## EXERCISE MATERIALS
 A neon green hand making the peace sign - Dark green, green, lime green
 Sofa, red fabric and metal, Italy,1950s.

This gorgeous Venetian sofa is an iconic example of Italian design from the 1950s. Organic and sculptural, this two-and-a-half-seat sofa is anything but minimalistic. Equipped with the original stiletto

---

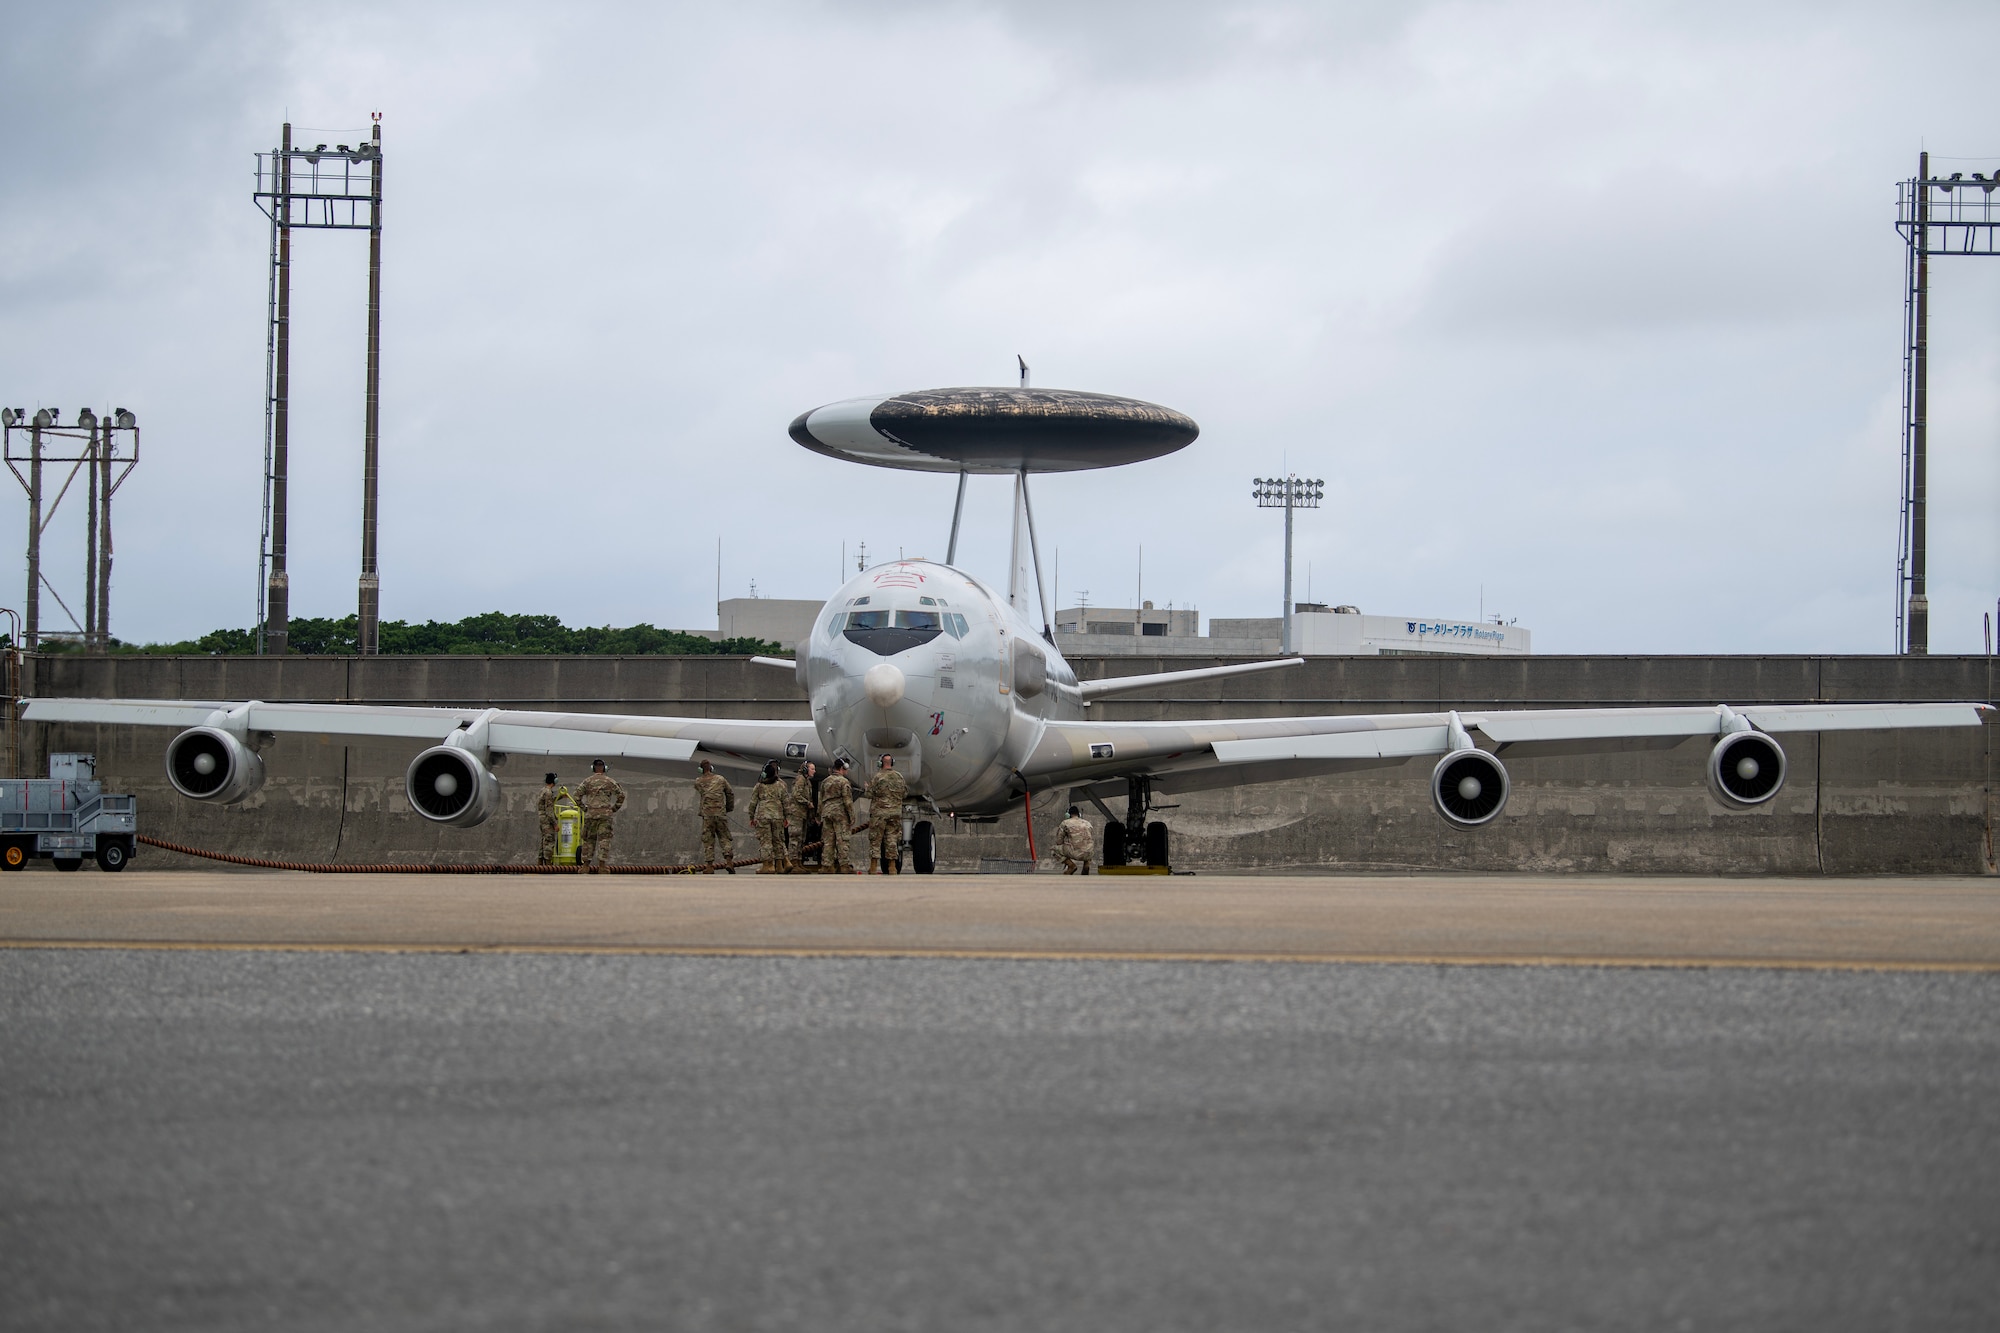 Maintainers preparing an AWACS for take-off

## EXERCISE DIRECTIONS
After locating the line with "A neon green" in the material above, return it and each line after it exactly, ending at the line with "This gorgeous Venetian".

## RESULT OF THIS EXERCISE
 A neon green hand making the peace sign - Dark green, green, lime green
 Sofa, red fabric and metal, Italy,1950s.

This gorgeous Venetian sofa is an iconic example of Italian design from the 1950s. Organic and sculptural, this two-and-a-half-seat sofa is anything but minimalistic. Equipped with the original stiletto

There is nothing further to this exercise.